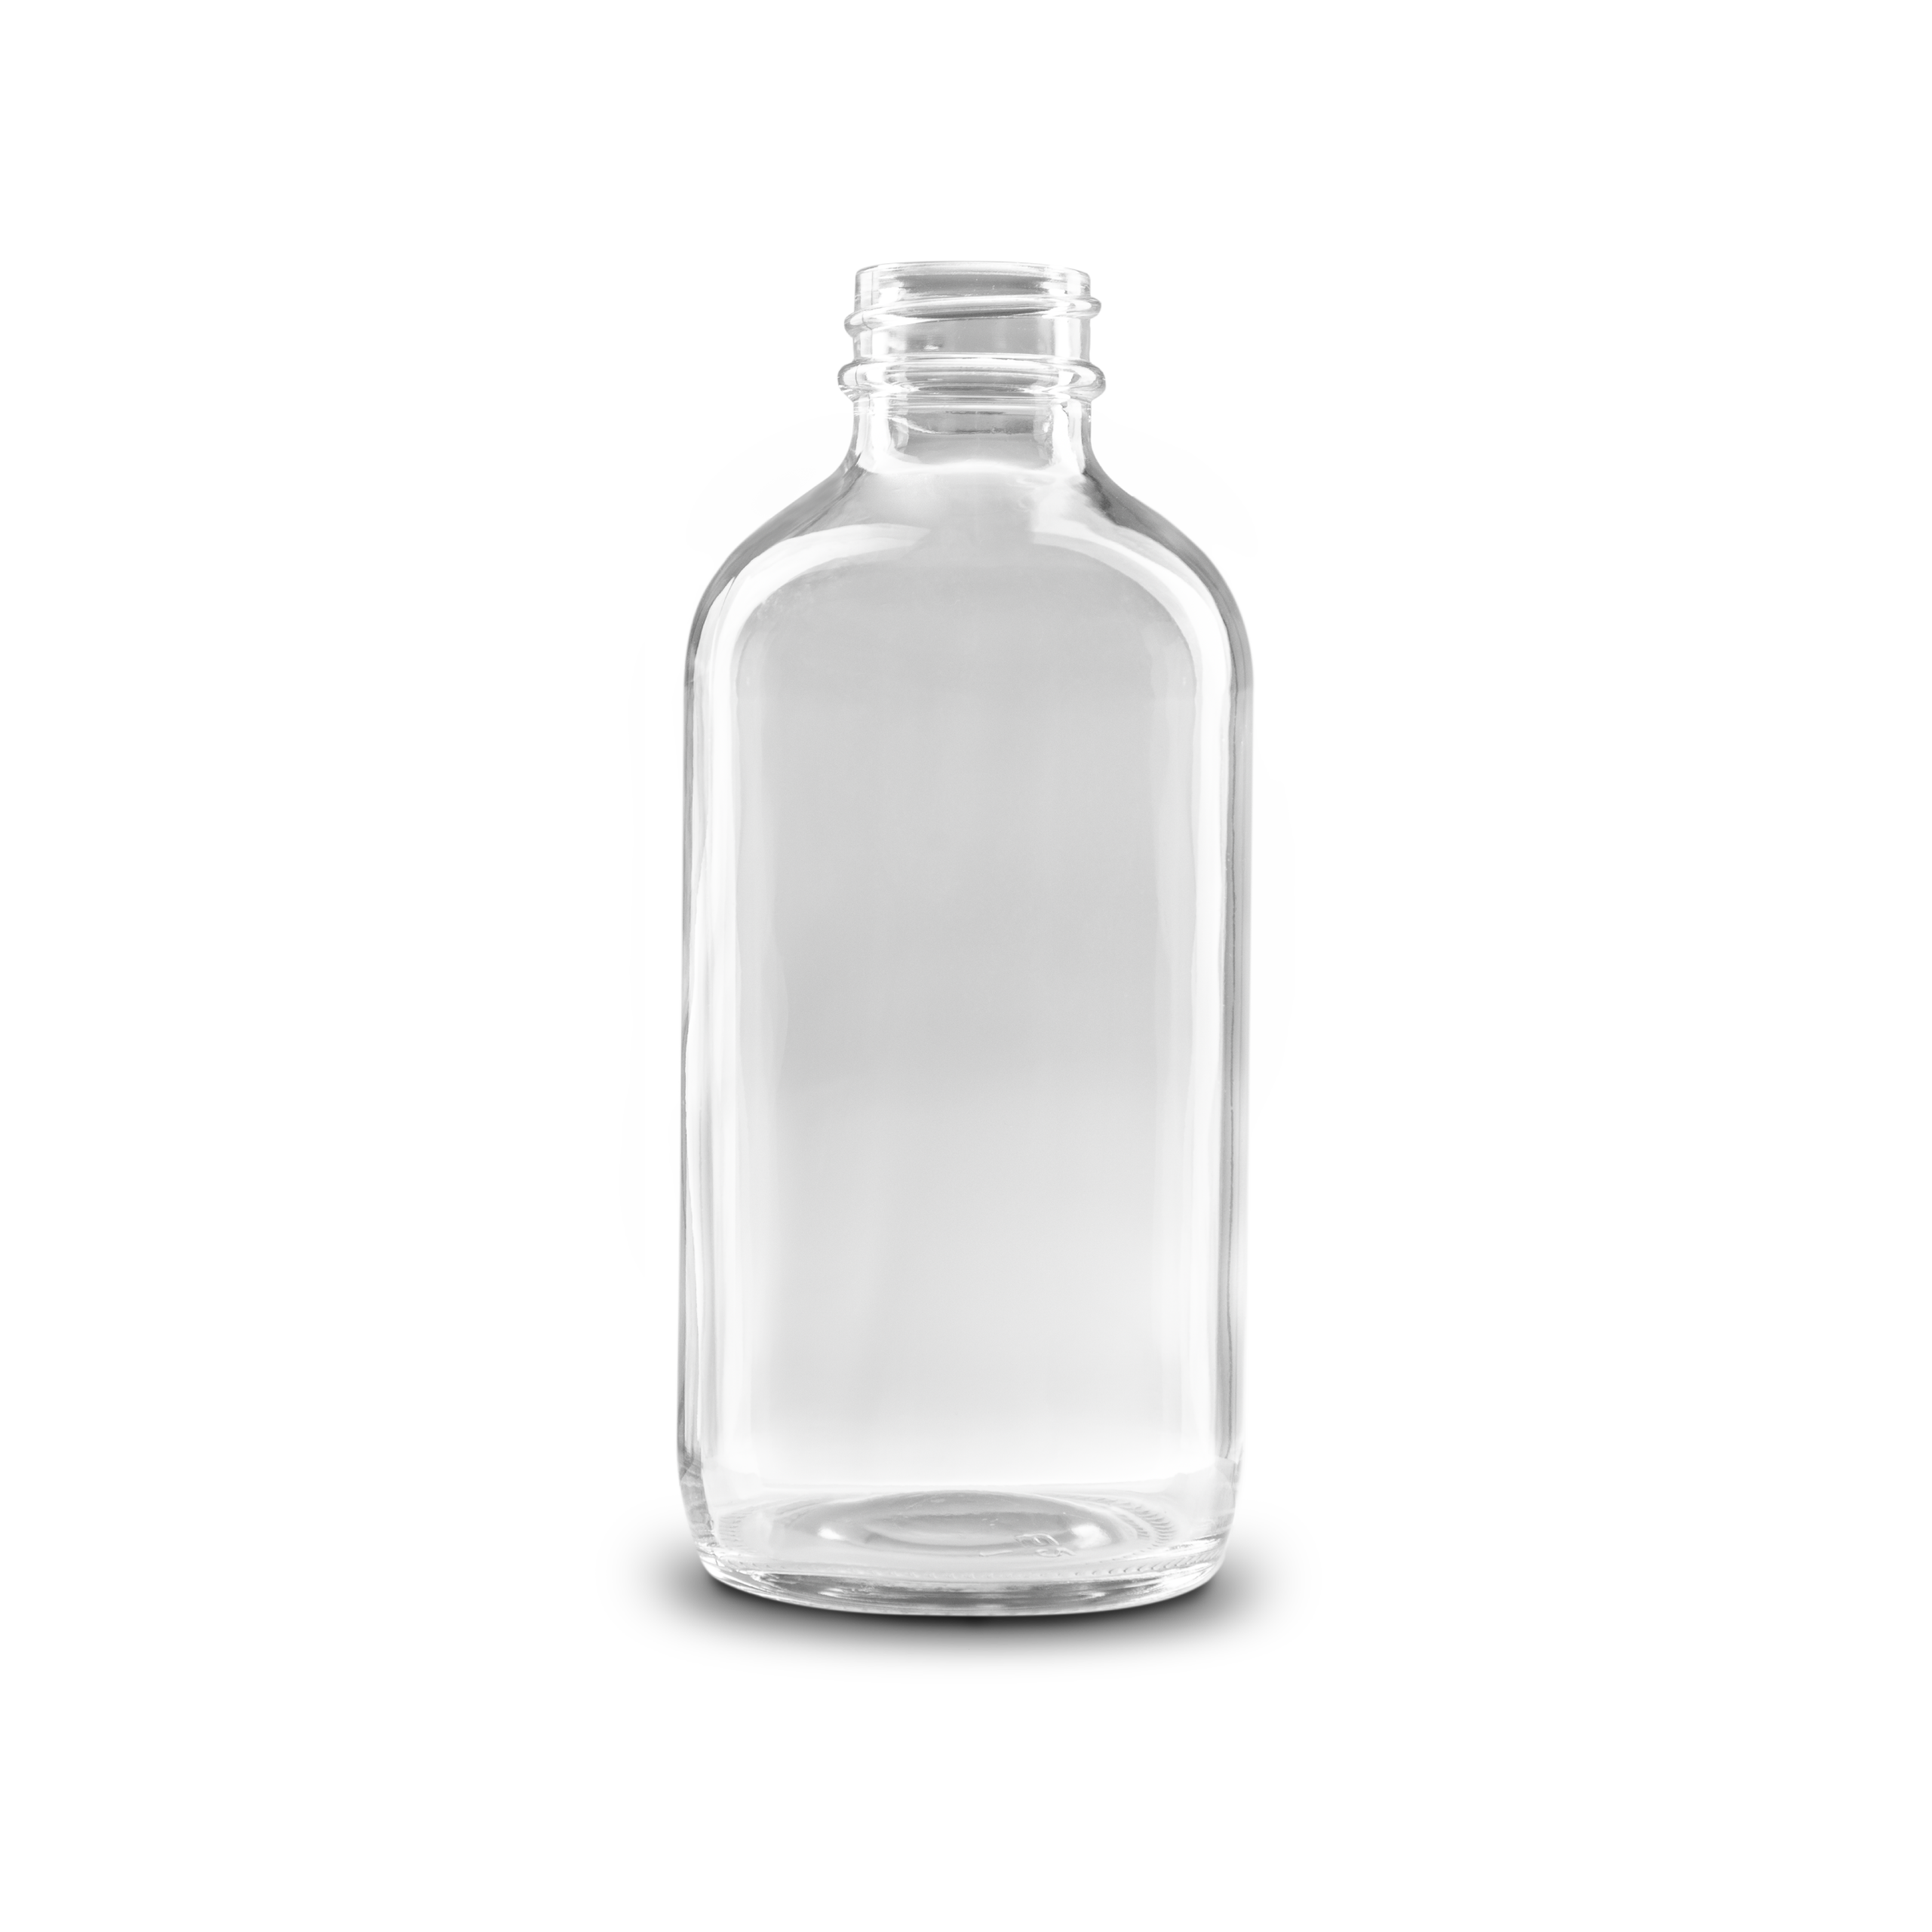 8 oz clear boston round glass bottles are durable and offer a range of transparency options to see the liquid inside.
-------
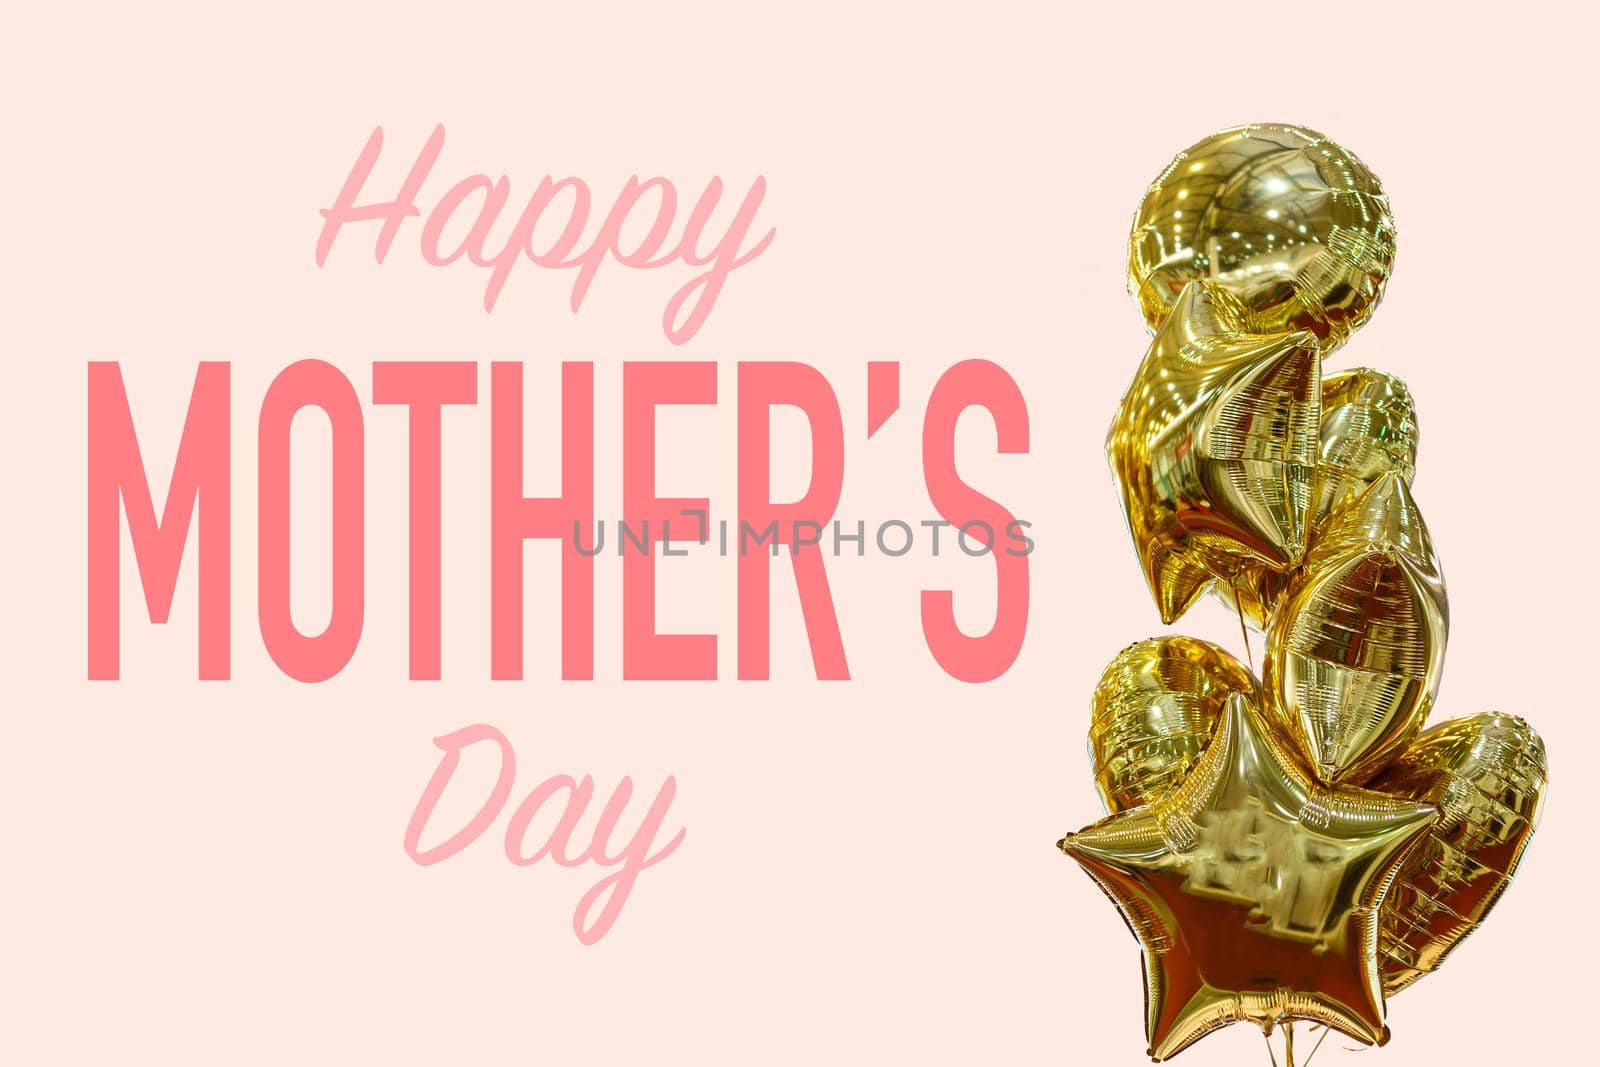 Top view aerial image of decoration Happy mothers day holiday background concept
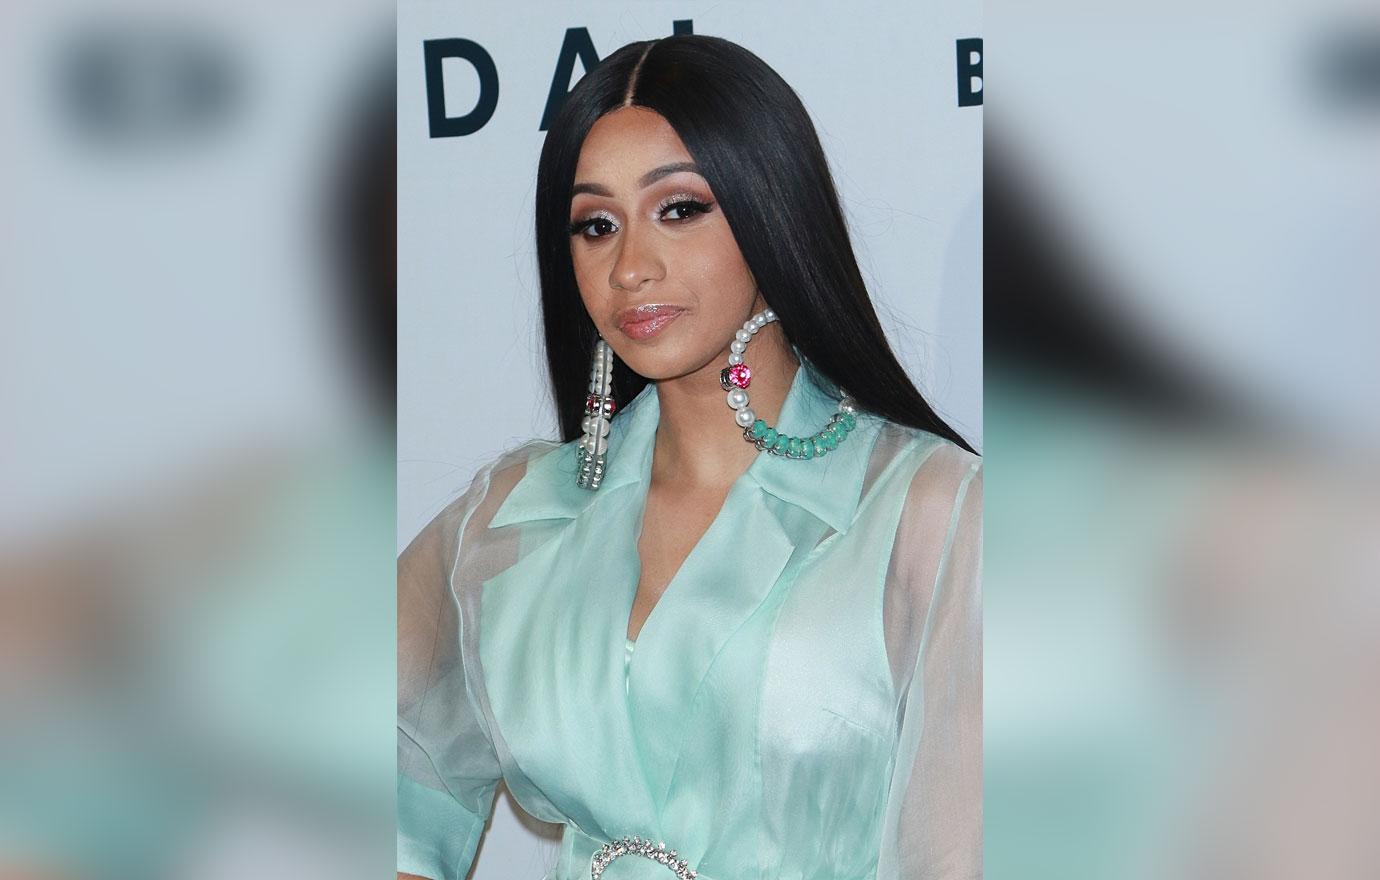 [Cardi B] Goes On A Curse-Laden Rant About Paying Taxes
-------
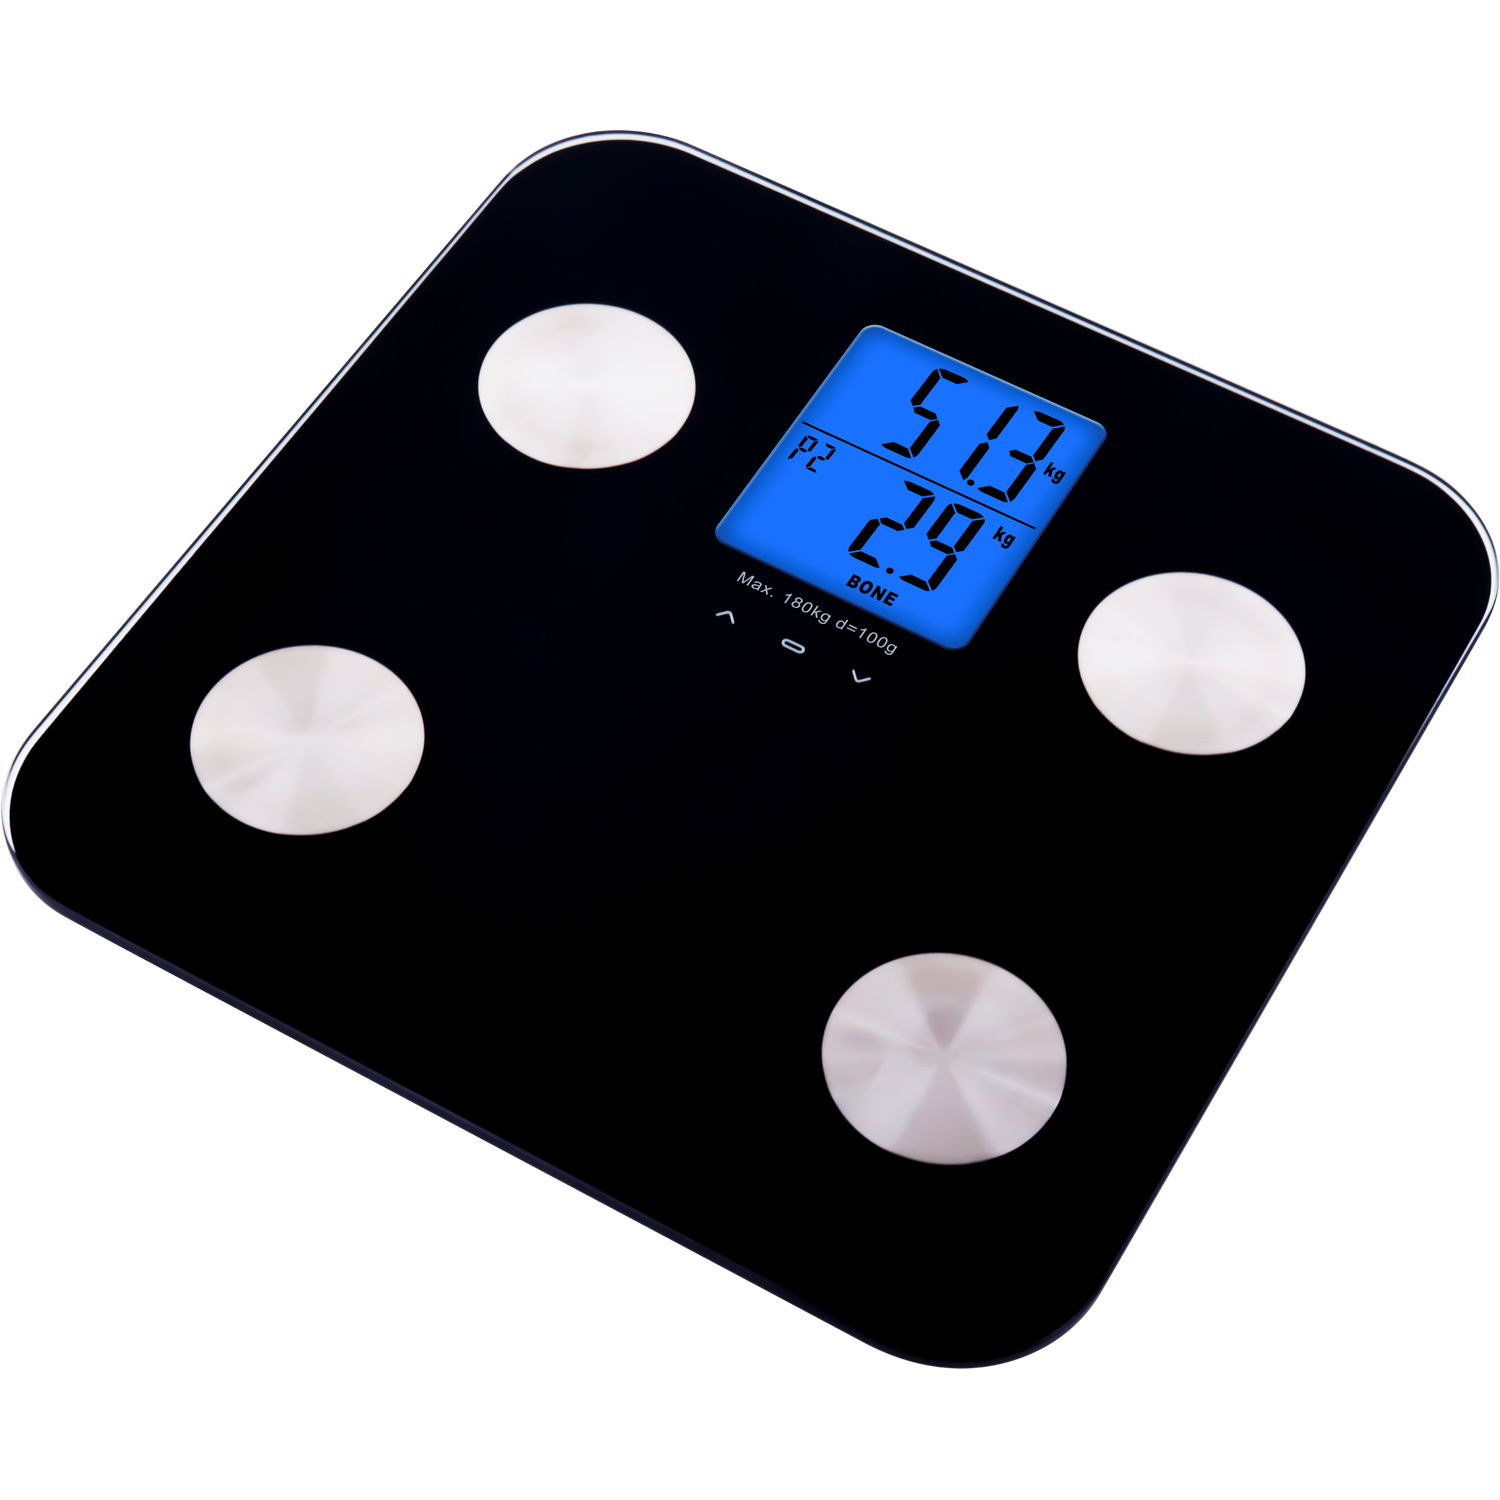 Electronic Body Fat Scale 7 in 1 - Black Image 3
-------
In the data above, start at the line holding "Top view aerial" and stop after the line holding "[Cardi B] Goes"; write out those lines exactly, without pictures.

▶ [ANSWER BELOW]
 Top view aerial image of decoration Happy mothers day holiday background concept
 [Cardi B] Goes On A Curse-Laden Rant About Paying Taxes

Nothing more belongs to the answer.